## Problem requirements
Look through the data below for the line with "logo-skiba-immobilien-weiss", and transcribe it exactly together with each line after it up to and including the line with "Weihnachtsfakten und unnützes". Give nothing else.

## Records shown
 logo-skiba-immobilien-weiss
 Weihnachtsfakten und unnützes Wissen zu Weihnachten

---

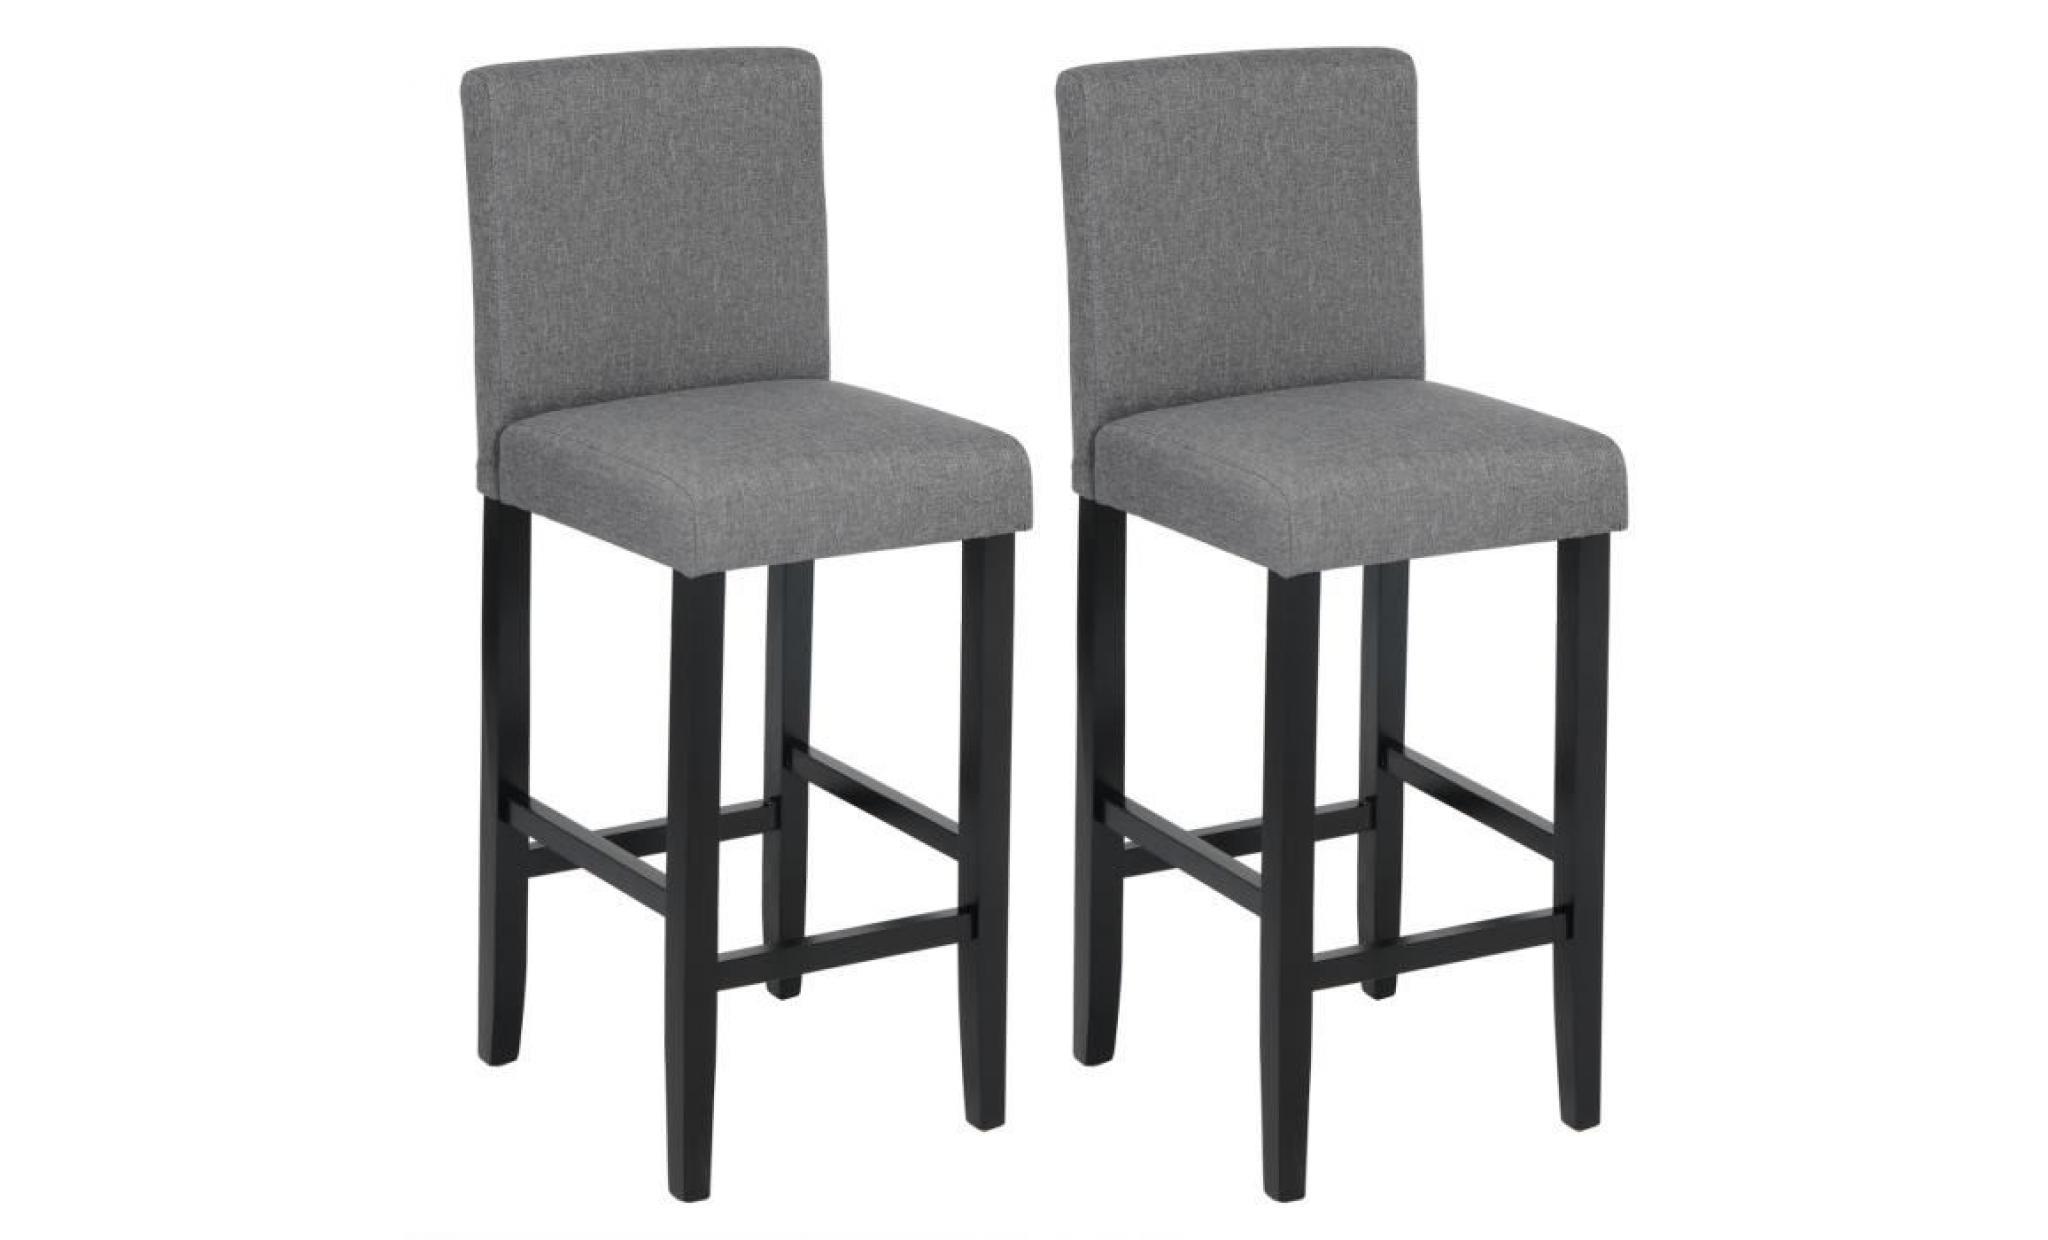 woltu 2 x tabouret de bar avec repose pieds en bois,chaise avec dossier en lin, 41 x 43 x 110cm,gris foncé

## Result of this exercise
 logo-skiba-immobilien-weiss
 Weihnachtsfakten und unnützes Wissen zu Weihnachten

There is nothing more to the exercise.